Несмотря на кажущуюся ясность намерений, Елена Ивановна ехала на Енгу с чувством, словно кидалась в омут: умереть и родиться вновь... Ее разбудили веселые звуки воскресного утра. Распластав лапы, фельдшеров щенок повизгивал в солнечном луче, а из сеней доносился плеск воды, сливаемой в ушат; кроме того, озорничали за двойной рамой воробьи, и Егор Севастьяныч отчитывал кого-то за дисциплинарную провинность. Все обошлось без придуманных заранее огорчений, даже дочка не простудилась в дороге; так началась вторая жизнь Елены Ивановны. Она успела засветло снять угол в избе у местной девы-вековухи, Попадюхи по прозванью, купила пшенца и тройку обиходных горшков на базаре и сделала все необходимое, чтоб к вечеру отправиться на дежурство. Первые дни было страшновато перед людьми — сдаться или осрамиться, но почему то уже меньше зябла теперь в холодноватом деревянном строеньице, где проводила большую часть суток. То была ветхая, еще земской стройки участковая больничка, творение самого Егора Севастьяныча, на дюжину коек и без городских затей, зато всего там было понемножку: амбулатория с картинками всевозможных болезней на стенах, настоящая родовая палата, даже своя аптечка с дверью матового стекла и такого басовитого голоса, что недуги попроще начинали как бы бледнеть еще до принятия лекарства. Больные лежали под тонкими куцыми одеяльцами, очень за все благодарные и даже с детским удовольствием, как умеют болеть лишь крестьяне; уход и ласка были для них важнее наивных, универсального действия микстур... Пожалуй, наиболее затяжная и опасная болезнь там была у самой Елены Ивановны.

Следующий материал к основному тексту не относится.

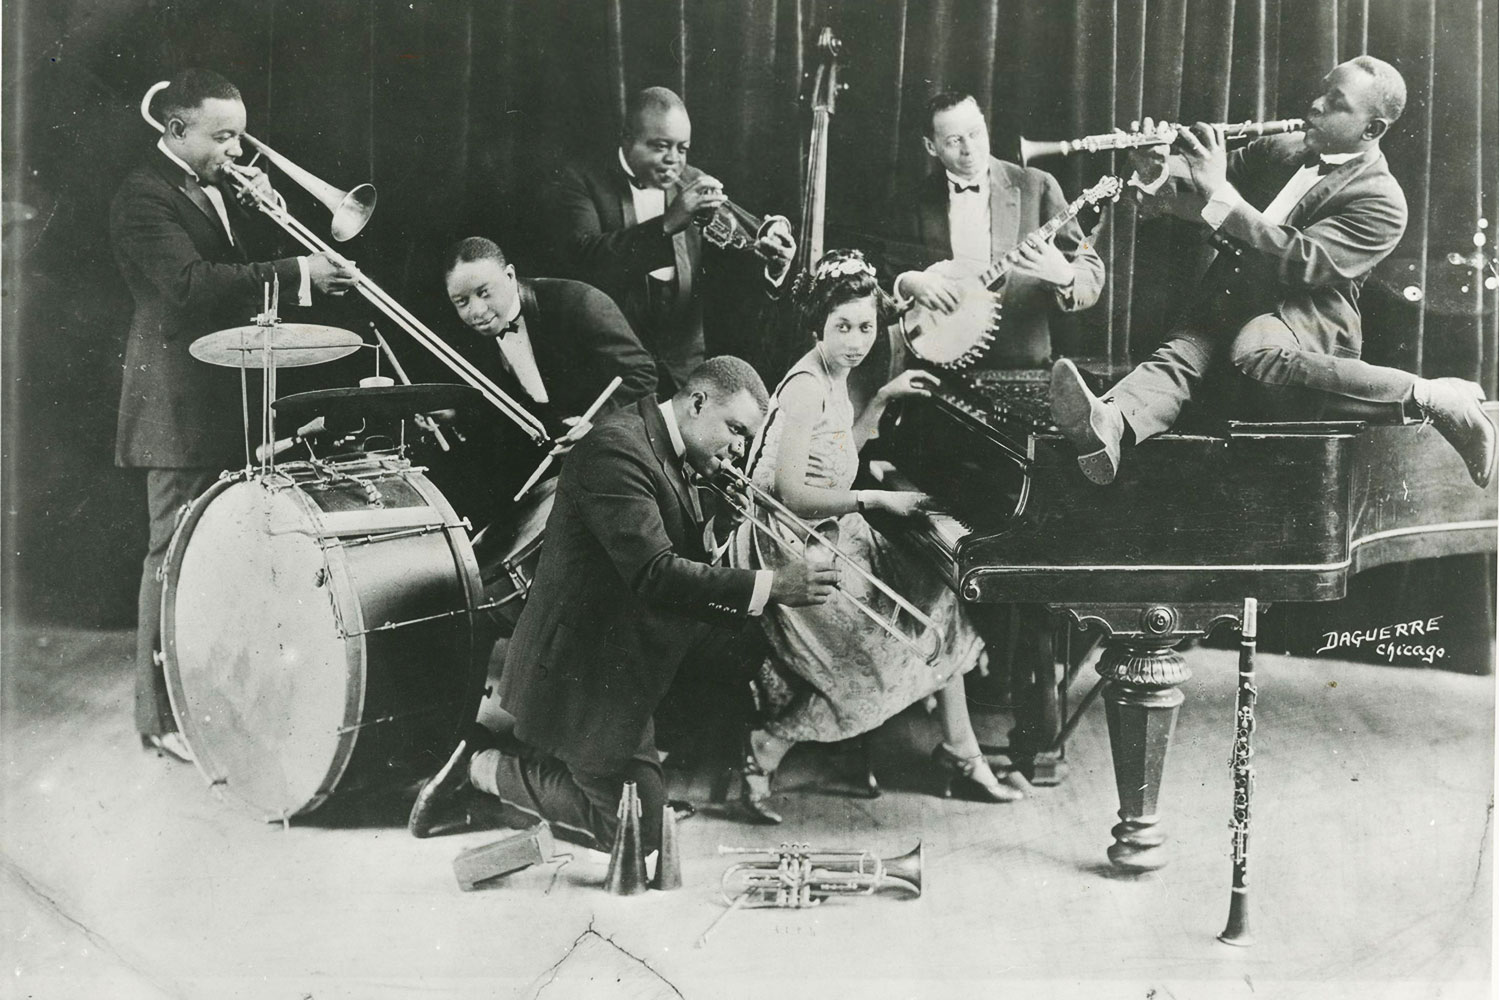 King Oliver’s Creole Jazz Band, circa 1923. Honore Dutrey, trombone; Warren “Baby” Dodds, drums; Joe Oliver, cornet; Louis Armstrong (kneeling in front), slide trumpet; Lil Hardin Armstrong, piano; Bill Johnson, banjo; Johnny Dodds, clarinet.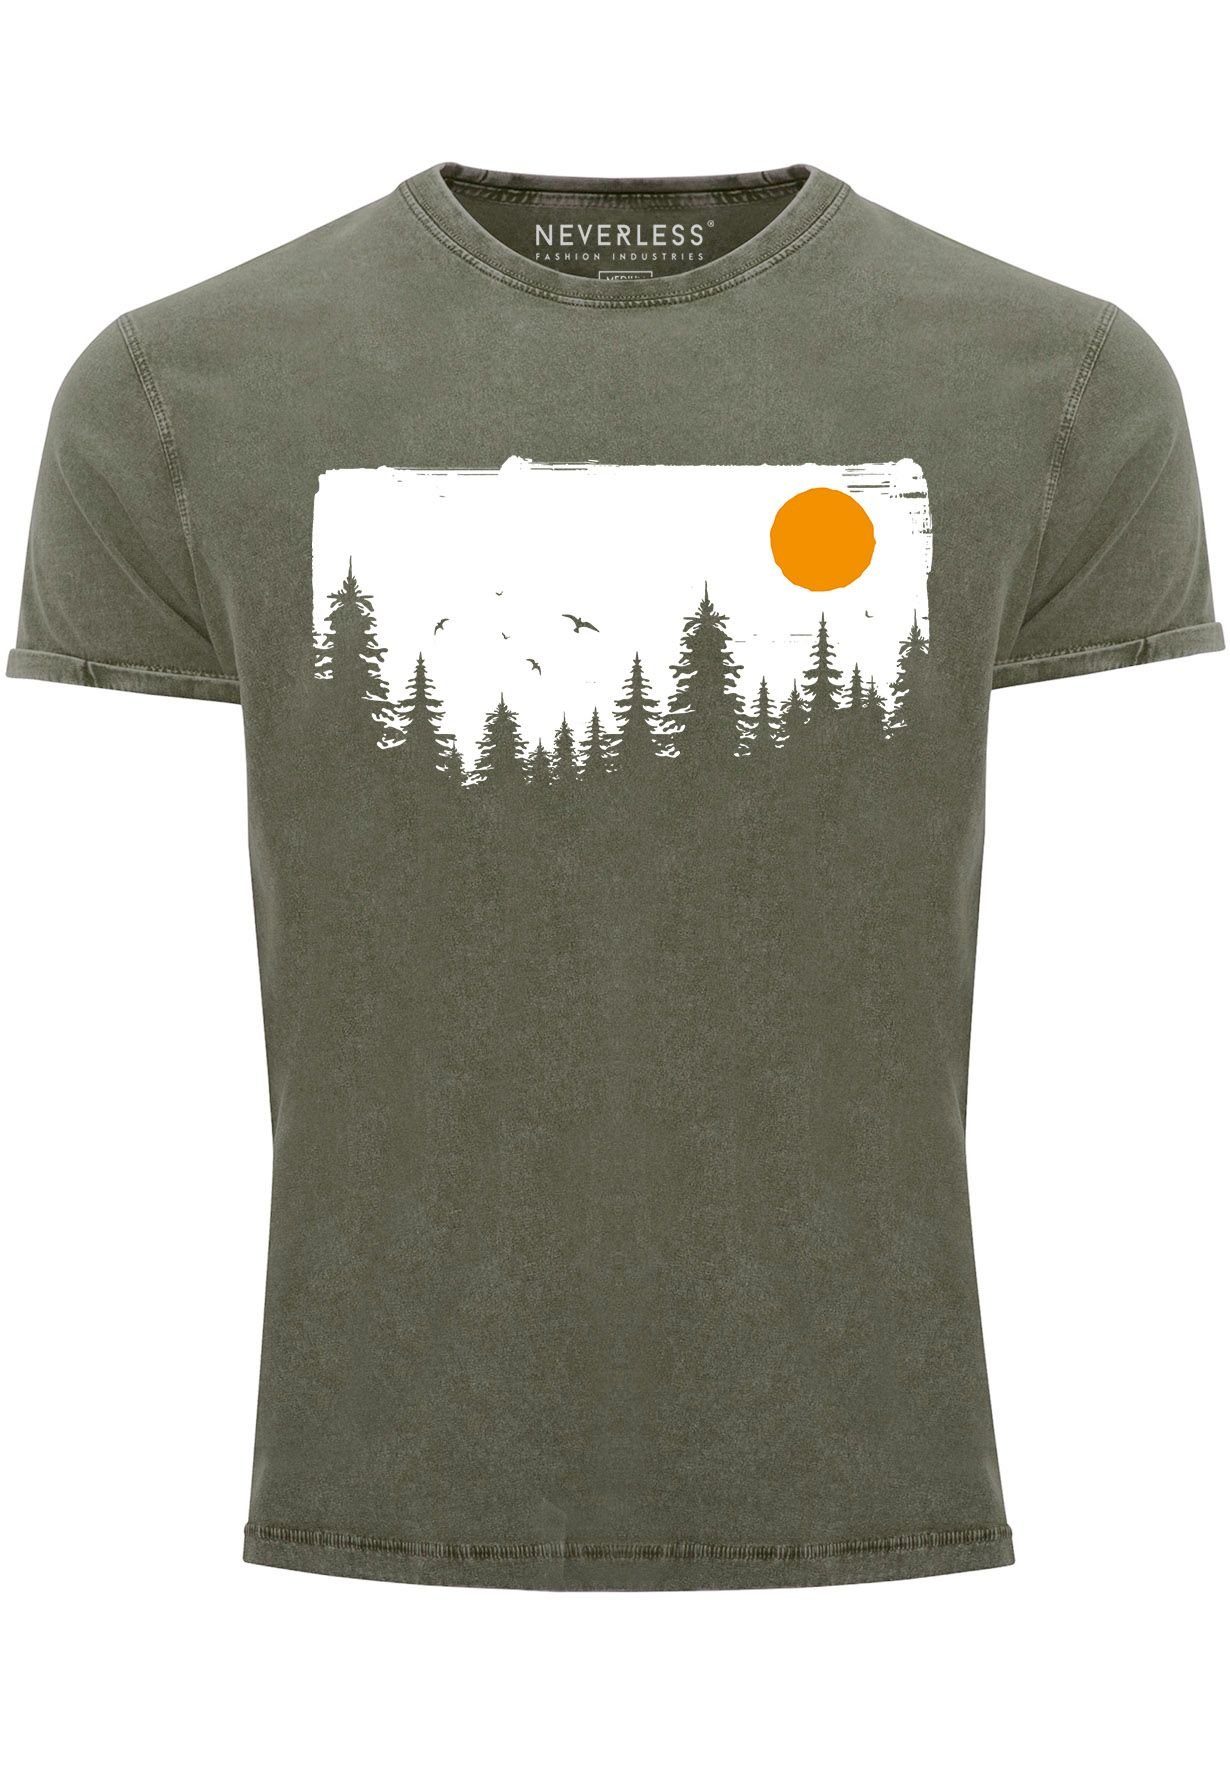 Neverless Print-Shirt Herren Vintage Shirt Wald Bäume Outdoor Adventure Abenteuer Natur-Lieb mit Print oliv

Она тратила себя, пока держалась на ногах, и не вела счета дням; и так силен был эгоизм ее отчаянья, что ради дела забывала порой о дочке, покинутой на руках Попадюхи. Моложе всех из трех тамошних санитарок, она молча бралась за любое дело, и вскоре стало не то чтобы теплей в этом заведенье, а вроде подомашней, как всегда при появлении новой и старательной хозяйки. Настороженность больничного персонала сменилась любопытством, надолго ли хватит ее усердия. Тем временем молва довольно быстро разнесла по округе весть о возвращении сапегинской шпитонки, как в просторечии звали там воспитанниц; немногие знали ее там под фамилией мужа. Ежеминутно Елена Ивановна чувствовала на себе тысячеглазую народную приглядку; в особенности, пока не попривыкла, пугали ее пашутинские ребята, которые, привстав на завалинку, заглядывали к ней в окошко, и, сказать правду, лишь вскрытие реки да невылазные грязи, отрезавшие отступление, помогли ей преодолеть колебания начальной, наиболее трудной недели. Захиревший к тому времени о. Тринитатов также не преминул заглянуть к Егору Севастьянычу на предмет научного совещания по поводу своего хронически воспаленного седалищного нерва, причем долго и сокрушенно качал головой на столь привлекательную супругу столичного деятеля, со рвением скоблившую заслеженные полы в сенцах... Никто не слышал от нее отказа или жалобы, как и шутки, впрочем. Нередко Елене Ивановне доводилось сопровождать лекаря при выездах на дальние роды или несчастные случаи, и всюду ее встречали неопределенным, как если бы ее не было вовсе, молчаньем, хотя и успело установиться негласное мнение, что у нее легкая рука. К исходу полугодия от былого страха перед этими людьми осталась только затаенная, зато чреватая последствиями боязнь столкнуться лицом к лицу со знаменитой Семенихой — и не потому, что старуха вновь могла обидеть ее незаслуженным попреком, а оттого, что именно от ее суда, в конечном итоге, зависело душевное равновесие, которого такими усилиями добивалась. Встреча неминуемо должна была состояться, — старуха жила в соседнем Полушубове с неженатым сыном, и, к слову сказать, исключая Егора Севастьяныча, то был первый человек на Енге, проявивший к Елене Ивановне заботливое участие.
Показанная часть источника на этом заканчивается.